If the hallucinations and urges to kill your family weren’t enough to dissuade anyone from living in the house, the worst selling point for moving in might have been the goddamn Samurai warrior that rides his horse through the living room every once in a while, for reasons unknown.

“I’M HERE TO CATCH THE FINALE OF THE BACHELOR”

That’s not the only sighting of a Samurai warrior. A similar Samurai warrior is said to ride the road to Camp Foster up Stillwell Drive, reportedly headed to base housing.

 

Spectral gate guards

There’s nothing creepy about Security Forces. Not inherently, anyway. Those guys look sharp. But when you’re pulling up to a gate at 3am and encounter a World War II-era Marine covered in blood and asking for a match, things take a turn for the creepier.

That’s what happened at Camp Hansen’s old Gate 3 — more than once.
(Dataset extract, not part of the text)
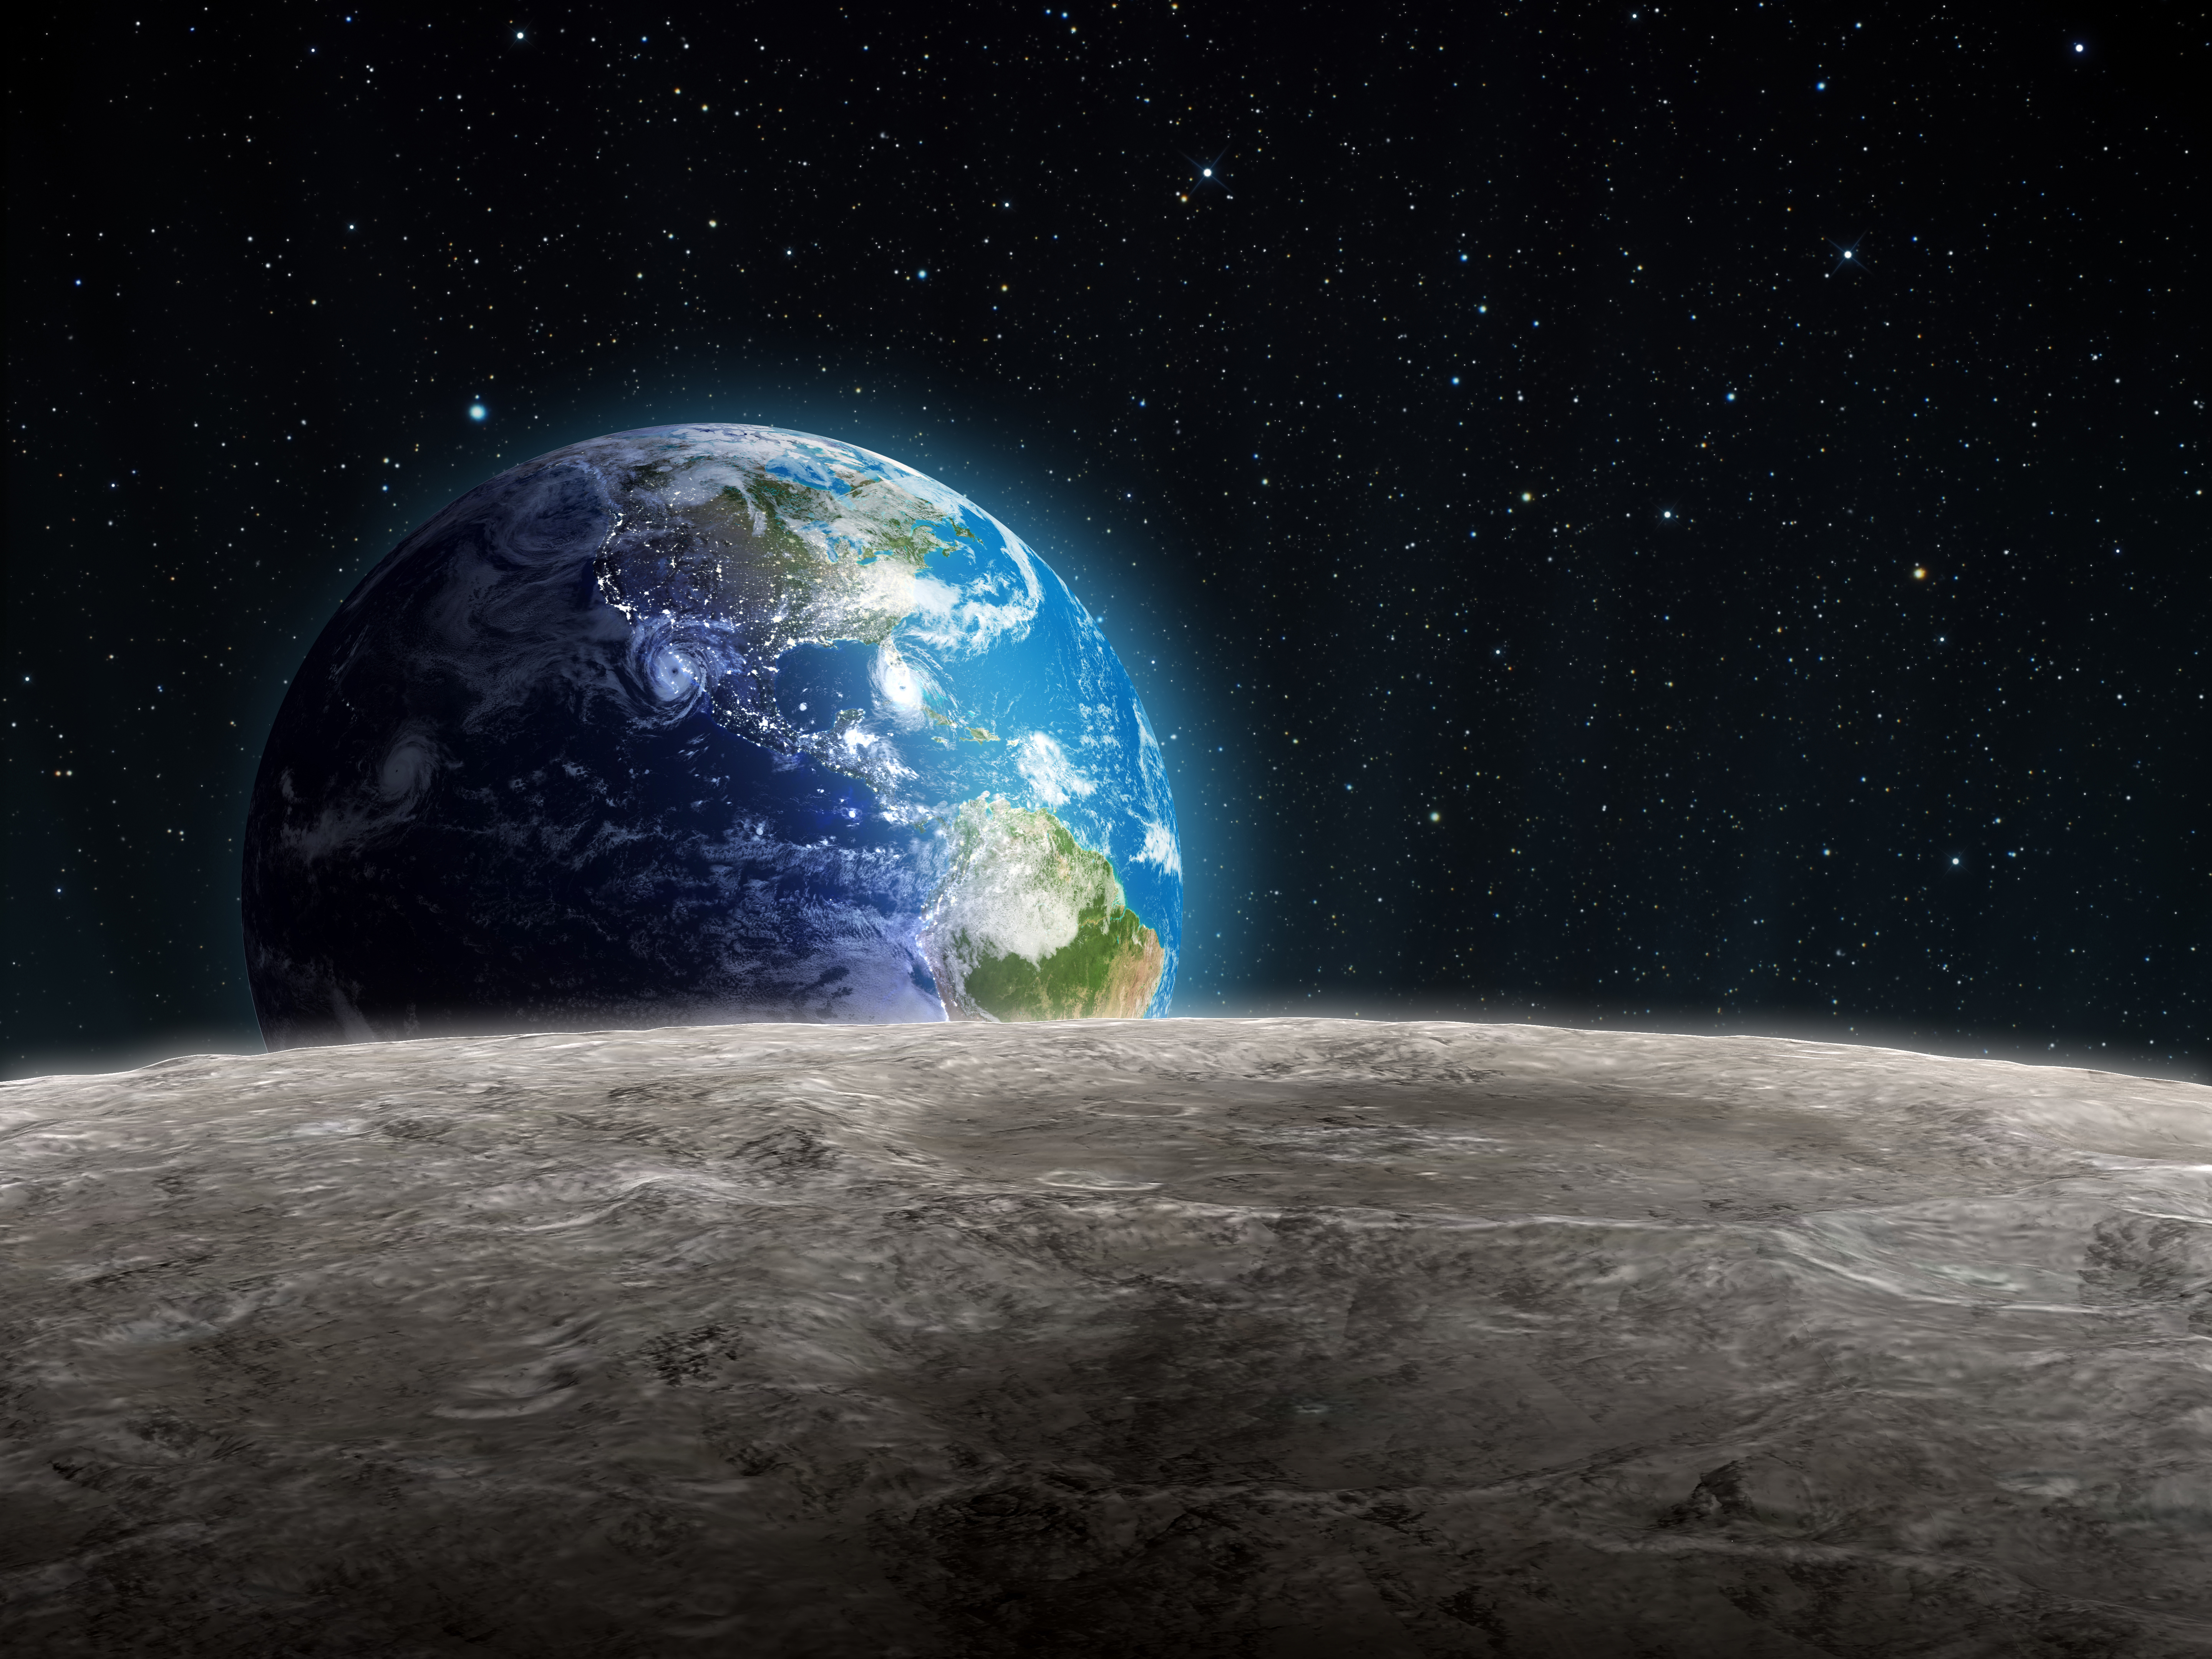 Earth seen from moon

In a weird way, it’s a good thing the ghostly Marine was hanging out at the gate, defending living American troops because ghosts of World War II Japanese soldiers were reportedly at the same gate all the time.

Eternally defending Flavor Country from the Japanese.

The haunting happened so often (some say every weekend) that Marine guards began to refuse to stand guard at Gate 3 and the entry control point was eventually closed. Closing the gate seemed a little unnecessary since the soldier would disappear once his cigarette was lit.

 

Kadena’s Banyan Tree Golf Course cave

Even if I didn’t know this place was haunted, I would assume it was.

During World War II, the Japanese maintained a field hospital on the site where Kadena’s golf course was built. After U.S. troops took the airfields on Okinawa in 1945, Japanese nurses, terrified of Americans due to Japanese propaganda, committed suicide in a nearby cave.

These days, Okinawans won’t go near the cave because the women are said to still haunt the cave and the nearby land – but it’s part of Kadena’s annual Halloween ghost tour.

 

Maeda Point’s prophet of doom.

“Listen, bro, I’m telling you…”

If you’re around Maeda Point on Okinawa and you see an elderly man walking around a tomb near the water, just go ahead and row to shore, go right to Personnel, retire, and fly home. It’s not worth sticking around, because rumor has it that old man is a ghost and every time someone sees him, there’s a body washing ashore on a beach nearby in a just a few days.

The point is apparently the site of many, many suicide jumpers who ended their lives by throwing themselves off the cliff. Not only that, this was also the site of another field hospital used by the Imperial Japanese Army in World War II. If an old man foretelling doom wasn’t enough, scuba divers even report seeing ghosts underwater. Some of these end up jumping off the haunted cliff for the rest of eternity, as ghost jumper reports are as ubiquitous as Taco Rice.